Clinical Trial Details
— Status: Active, not recruiting
Administrative data
NCT number |
NCT05430308 |
Other study ID # |
INT/IEC/2018/000151 |
Secondary ID |
|
Status |
Active, not recruiting |
Phase |
N/A
|
First received |
|
Last updated |
|
Start date |
April 18, 2022 |
Est. completion date |
April 30, 2023 |
Study information
Verified date |
September 2022 |
Source |
Postgraduate Institute of Medical Education and Research |
Contact |
n/a |
Is FDA regulated |
No |
Health authority |
|
Study type |
Interventional
|
Clinical Trial Summary
Medical thoracoscopy is the preferred procedure for performing pleural biopsy in patients
with pleural effusions that remain undiagnosed after pleural fluid analysis. Surgical site
infections (SSI) and empyema are among the important complications of the procedure.
At author's center, povidone-iodine is used for surgical site preparation during MT. The
investigators hypothesized that chlorhexidine-alcohol would be superior to povidone-iodine in
reducing the rate of infectious complications following thoracoscopy. In this study, the
authors propose to investigate the efficacy of chlorhexidine-alcohol scrub in preventing post
procedural infectious complications in subjects undergoing medical thoracoscopy
Description:
Medical thoracoscopy is the preferred procedure for performing pleural biopsy in patients
with pleural effusions that remain undiagnosed after pleural fluid analysis. Unlike
video-assisted thoracoscopic surgery that is performed under general anesthesia and single
lung ventilation, medical thoracoscopy is performed under conscious sedation and local
anesthesia. Medical thoracoscopy is generally a safe procedure, albeit with a small risk of
complications. Surgical site infections (SSI) and empyema are among the important
complications of the procedure. Author's center is a tertiary care referral hospital; the
majority of the patients are referred to the authors' center late in the course of their
illness. In fact, most patients have had several thoracenteses, and many patients have
pleural adhesions. The authors have observed a significant incidence of post procedural
infections (7.8-10%) in previous studies. In a recent RCT, investigators have demonstrated
that the prophylactic use of antibiotics did not reduce the incidence of SSI. Since the
patient's skin is a major source of pathogens, it is conceivable that improving skin
antisepsis would decrease surgical-site infections. The aim of preoperative skin preparation
is to reduce the risk of SSIs by removing soil and transient organisms from skin. Antiseptics
have the ability to bind to the skin's stratum corneum that results in persistent chemical
activity on the skin. A SSI occurs when the number of bacteria at the incision site overcome
the hosts immune defense mechanism. The Centers for Disease Control and Prevention (CDC)

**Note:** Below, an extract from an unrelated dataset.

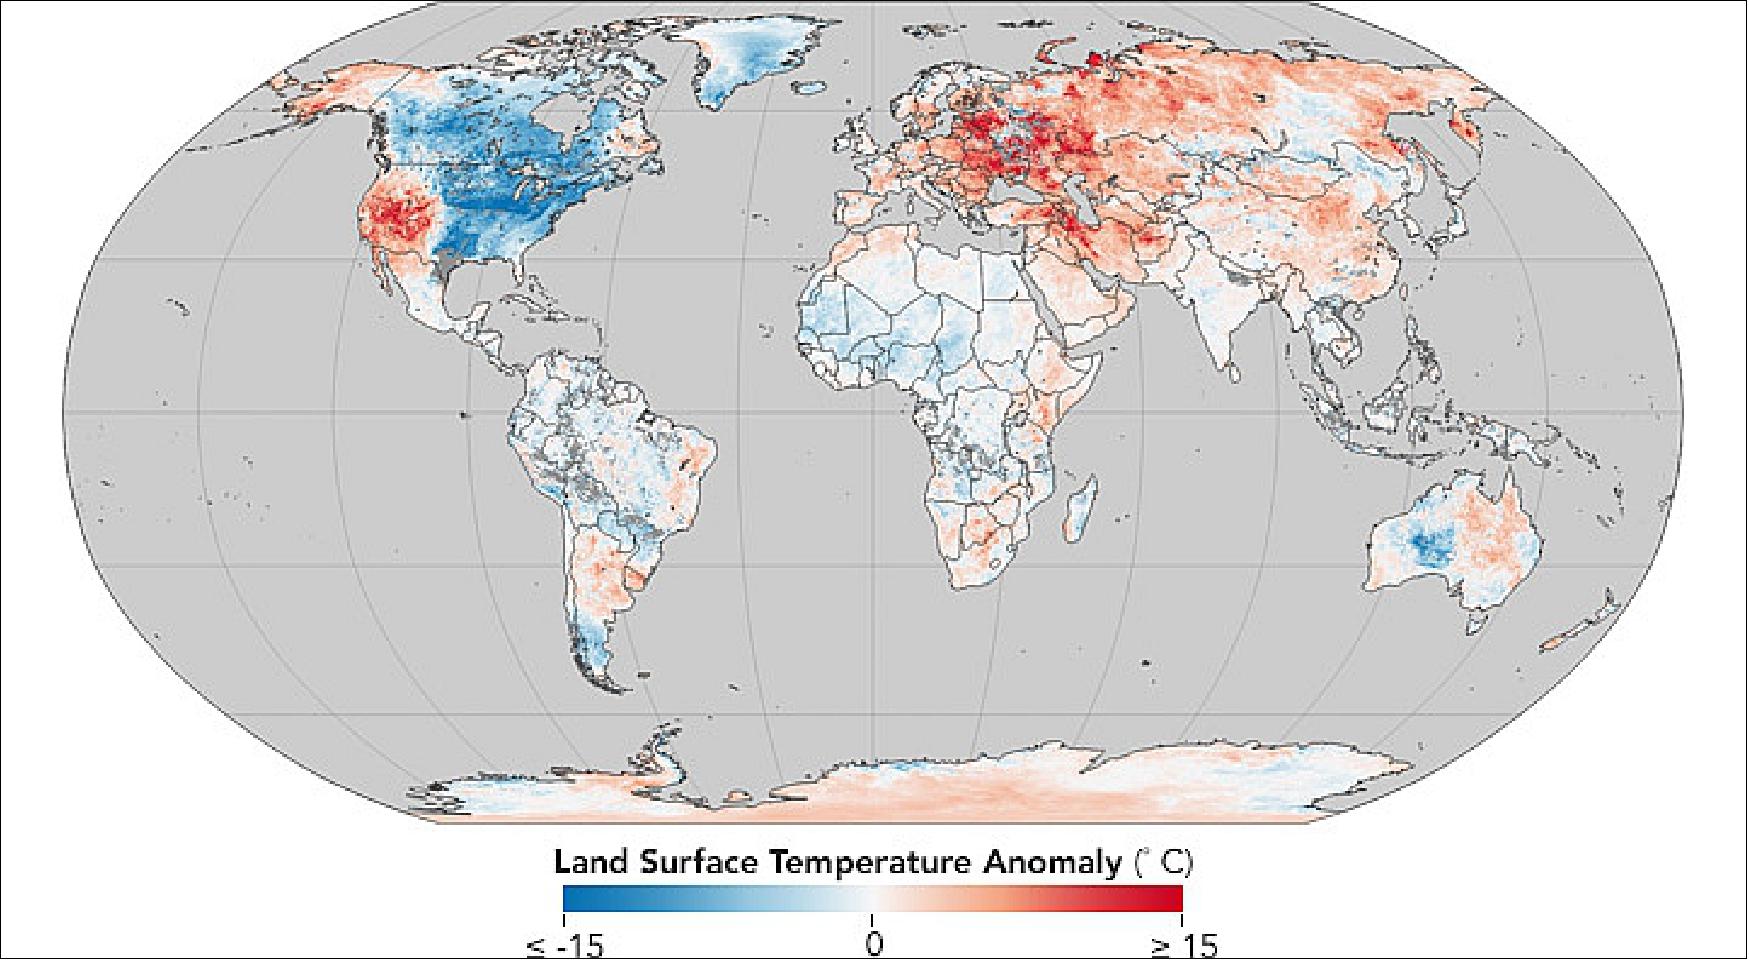 Figure 47: MODIS land surface temperature map of the world, acquired in the period 26 Dec. 2017 to 2 Jan. 2018 (image credit: NASA Earth Observatory maps by Jesse Allen, based on MODIS land surface temperature data provided by the Land Processes Distributed Active Archive Center. Story by Adam Voiland)

recommends that 2% chlorhexidine-based preparations be used to cleanse the site of insertion
of vascular catheters. However, the CDC has not issued a recommendation as to which
antiseptics should be used preoperatively to prevent postoperative SSIs.
In a previous RCT comparing preoperative cleansing of the patient's skin,
chlorhexidine-alcohol was found to be superior to cleansing with povidone-iodine for
preventing surgical-site infection after clean contaminated surgery. However, in a pooled
analysis of 13 RCTs comparing surgical site preparation for clean surgeries, no clear benefit
could be demonstrated of either agent for preventing SSIs. Also, no published randomized
studies have examined the effect of one antiseptic preparation over another on the incidence
of surgical-site infection during medical thoracoscopy. A recent guideline on medical
thoracoscopy has no mention about the preferred agent for skin preparation during MT. At the
author's center, povidone-iodine is used for surgical site preparation during MT. The authors
hypothesized that chlorhexidine-alcohol would be superior to povidone-iodine in reducing the
rate of infectious complications following thoracoscopy. In this study, the investigators
propose to investigate the efficacy of chlorhexidine-alcohol scrub in preventing post
procedural infectious complications in subjects undergoing medical thoracoscopy.